▸ **Work required**:
All lines up to and including the one that contains "http://m.wm.pl/2020/07/orig/pomegranate-3752112-1920-638364.jpg" are to be transcribed exactly, starting from the first line of the records.

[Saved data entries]
>>
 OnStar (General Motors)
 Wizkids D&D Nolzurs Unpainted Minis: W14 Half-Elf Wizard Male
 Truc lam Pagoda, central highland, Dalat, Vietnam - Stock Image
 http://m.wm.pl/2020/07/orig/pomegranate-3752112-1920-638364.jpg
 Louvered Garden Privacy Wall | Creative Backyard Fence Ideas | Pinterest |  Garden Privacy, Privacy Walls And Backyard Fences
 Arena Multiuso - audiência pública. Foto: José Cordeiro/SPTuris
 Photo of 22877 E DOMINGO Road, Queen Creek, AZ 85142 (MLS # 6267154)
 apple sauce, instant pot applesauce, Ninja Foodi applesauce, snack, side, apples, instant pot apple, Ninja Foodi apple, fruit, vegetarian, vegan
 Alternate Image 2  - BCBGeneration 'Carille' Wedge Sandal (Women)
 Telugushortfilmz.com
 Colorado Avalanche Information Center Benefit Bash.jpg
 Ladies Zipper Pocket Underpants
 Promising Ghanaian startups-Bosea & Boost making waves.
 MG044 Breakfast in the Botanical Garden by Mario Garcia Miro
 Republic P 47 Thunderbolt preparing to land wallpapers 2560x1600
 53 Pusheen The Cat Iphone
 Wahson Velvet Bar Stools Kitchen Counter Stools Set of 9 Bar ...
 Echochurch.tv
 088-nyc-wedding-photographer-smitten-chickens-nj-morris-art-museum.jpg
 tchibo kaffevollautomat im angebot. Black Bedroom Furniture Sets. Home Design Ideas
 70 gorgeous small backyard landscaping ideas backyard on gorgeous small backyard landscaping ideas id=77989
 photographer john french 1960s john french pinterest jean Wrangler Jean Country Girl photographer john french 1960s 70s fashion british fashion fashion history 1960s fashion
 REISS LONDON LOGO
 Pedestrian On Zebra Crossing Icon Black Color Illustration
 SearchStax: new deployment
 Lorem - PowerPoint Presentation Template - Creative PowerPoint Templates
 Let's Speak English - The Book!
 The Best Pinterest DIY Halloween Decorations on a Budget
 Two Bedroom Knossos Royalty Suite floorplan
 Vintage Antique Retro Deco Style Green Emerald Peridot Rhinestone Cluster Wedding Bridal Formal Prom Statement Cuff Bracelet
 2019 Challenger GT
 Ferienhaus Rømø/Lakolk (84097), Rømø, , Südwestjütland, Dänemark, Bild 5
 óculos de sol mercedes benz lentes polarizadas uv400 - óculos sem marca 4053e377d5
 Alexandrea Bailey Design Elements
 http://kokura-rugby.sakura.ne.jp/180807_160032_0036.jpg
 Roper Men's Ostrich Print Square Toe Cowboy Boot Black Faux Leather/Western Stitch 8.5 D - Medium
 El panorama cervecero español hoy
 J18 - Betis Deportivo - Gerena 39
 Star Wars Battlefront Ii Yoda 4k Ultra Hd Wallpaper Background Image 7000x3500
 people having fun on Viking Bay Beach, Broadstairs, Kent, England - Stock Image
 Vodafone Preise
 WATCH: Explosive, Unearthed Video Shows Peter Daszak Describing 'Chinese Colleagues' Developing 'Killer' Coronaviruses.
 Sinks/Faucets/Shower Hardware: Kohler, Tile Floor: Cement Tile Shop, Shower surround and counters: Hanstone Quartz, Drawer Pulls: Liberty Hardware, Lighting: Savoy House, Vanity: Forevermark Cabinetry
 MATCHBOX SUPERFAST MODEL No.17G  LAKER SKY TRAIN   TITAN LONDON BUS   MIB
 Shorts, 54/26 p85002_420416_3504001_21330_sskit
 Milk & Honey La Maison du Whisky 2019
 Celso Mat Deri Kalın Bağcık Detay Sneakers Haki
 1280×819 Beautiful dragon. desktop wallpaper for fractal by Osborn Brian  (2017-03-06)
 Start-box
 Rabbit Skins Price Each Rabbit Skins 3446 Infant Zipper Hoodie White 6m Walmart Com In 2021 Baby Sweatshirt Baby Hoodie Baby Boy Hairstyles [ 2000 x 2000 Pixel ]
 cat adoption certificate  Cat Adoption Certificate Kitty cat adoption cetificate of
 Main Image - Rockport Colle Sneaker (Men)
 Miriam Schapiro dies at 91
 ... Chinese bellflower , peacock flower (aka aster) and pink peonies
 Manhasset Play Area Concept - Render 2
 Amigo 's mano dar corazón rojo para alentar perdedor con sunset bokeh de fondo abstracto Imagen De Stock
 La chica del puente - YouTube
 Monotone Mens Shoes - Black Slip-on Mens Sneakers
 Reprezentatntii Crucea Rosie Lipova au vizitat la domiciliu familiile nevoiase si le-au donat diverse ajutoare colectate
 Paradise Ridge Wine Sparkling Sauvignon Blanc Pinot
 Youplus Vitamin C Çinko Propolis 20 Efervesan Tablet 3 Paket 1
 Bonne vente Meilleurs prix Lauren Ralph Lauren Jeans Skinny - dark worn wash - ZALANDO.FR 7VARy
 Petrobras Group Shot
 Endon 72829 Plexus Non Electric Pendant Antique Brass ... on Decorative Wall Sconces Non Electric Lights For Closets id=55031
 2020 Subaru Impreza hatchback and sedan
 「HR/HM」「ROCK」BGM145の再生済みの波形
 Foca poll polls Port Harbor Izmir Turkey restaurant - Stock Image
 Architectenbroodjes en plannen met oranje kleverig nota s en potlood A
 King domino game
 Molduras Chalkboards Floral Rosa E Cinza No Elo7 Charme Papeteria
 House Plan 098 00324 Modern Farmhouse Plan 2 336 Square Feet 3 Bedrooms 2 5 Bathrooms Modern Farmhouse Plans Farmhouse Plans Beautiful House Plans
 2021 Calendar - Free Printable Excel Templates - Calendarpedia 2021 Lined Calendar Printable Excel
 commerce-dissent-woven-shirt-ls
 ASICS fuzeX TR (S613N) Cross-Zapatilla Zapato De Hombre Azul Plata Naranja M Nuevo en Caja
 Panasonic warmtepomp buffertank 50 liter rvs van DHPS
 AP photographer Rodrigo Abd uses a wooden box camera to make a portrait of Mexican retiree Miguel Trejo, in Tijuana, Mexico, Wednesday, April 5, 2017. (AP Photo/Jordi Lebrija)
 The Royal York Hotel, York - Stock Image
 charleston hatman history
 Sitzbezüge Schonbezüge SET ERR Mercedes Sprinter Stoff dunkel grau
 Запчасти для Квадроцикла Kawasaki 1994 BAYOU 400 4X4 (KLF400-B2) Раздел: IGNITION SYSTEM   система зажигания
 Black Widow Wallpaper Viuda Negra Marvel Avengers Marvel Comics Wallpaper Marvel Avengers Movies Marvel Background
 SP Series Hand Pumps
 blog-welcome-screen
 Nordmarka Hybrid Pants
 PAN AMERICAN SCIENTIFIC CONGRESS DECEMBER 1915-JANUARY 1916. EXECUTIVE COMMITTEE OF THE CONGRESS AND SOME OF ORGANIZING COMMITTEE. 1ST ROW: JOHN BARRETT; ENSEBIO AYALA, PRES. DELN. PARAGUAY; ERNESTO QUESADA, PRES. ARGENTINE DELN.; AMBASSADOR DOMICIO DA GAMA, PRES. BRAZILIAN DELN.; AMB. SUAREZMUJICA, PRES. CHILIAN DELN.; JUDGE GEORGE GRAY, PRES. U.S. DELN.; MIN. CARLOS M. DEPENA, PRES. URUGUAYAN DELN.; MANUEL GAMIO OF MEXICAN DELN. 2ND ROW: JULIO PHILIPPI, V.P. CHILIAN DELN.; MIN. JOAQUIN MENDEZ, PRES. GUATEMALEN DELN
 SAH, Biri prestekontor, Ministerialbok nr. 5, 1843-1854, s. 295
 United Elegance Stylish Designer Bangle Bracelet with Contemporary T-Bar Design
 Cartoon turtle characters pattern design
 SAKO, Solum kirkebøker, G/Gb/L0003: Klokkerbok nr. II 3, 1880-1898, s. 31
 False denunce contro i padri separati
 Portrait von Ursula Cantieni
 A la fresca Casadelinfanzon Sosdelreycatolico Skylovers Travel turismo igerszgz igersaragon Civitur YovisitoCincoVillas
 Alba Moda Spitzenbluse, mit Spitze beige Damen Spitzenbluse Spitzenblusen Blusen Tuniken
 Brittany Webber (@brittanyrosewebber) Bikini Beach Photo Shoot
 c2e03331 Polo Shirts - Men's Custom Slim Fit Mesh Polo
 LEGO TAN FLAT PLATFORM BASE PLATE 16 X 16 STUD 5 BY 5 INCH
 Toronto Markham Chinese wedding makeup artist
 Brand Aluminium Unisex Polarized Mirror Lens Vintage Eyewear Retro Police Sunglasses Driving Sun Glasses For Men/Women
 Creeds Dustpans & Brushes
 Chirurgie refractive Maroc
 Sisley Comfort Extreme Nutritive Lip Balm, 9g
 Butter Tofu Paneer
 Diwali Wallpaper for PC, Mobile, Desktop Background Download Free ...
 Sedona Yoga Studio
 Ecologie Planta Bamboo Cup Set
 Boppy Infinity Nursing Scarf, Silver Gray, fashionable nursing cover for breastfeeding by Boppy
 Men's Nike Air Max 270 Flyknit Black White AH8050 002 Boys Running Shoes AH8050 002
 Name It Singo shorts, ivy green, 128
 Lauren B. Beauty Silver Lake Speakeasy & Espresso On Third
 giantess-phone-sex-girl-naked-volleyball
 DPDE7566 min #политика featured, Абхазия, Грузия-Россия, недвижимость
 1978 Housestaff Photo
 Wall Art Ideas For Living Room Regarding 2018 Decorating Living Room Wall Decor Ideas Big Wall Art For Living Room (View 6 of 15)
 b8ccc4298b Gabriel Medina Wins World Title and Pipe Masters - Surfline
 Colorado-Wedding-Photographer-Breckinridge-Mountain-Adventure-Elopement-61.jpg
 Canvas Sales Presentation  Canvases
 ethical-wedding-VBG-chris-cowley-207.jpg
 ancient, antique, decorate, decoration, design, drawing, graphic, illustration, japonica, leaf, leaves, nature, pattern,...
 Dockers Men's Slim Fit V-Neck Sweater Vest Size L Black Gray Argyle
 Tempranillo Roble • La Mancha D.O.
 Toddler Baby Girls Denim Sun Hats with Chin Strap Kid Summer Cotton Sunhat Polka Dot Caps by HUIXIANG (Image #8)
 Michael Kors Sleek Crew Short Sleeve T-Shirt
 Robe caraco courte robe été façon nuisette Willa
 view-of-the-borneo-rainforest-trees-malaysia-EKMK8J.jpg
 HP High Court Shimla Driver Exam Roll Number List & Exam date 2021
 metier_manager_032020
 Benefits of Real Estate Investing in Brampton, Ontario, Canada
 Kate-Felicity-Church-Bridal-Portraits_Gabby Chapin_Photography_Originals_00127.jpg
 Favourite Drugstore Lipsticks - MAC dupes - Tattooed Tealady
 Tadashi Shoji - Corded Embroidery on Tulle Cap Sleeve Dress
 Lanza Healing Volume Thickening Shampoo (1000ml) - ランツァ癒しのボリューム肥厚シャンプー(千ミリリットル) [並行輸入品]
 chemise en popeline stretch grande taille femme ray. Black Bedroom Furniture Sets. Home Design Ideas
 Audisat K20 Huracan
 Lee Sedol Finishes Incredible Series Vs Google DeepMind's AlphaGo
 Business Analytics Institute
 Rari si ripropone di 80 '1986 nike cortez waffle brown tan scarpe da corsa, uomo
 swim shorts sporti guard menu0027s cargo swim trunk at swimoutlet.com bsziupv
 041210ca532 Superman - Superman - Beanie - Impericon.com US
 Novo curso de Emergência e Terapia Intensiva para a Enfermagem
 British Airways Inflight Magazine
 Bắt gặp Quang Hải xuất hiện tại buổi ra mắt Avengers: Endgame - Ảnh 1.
<<
▸ **Task output**:
 OnStar (General Motors)
 Wizkids D&D Nolzurs Unpainted Minis: W14 Half-Elf Wizard Male
 Truc lam Pagoda, central highland, Dalat, Vietnam - Stock Image
 http://m.wm.pl/2020/07/orig/pomegranate-3752112-1920-638364.jpg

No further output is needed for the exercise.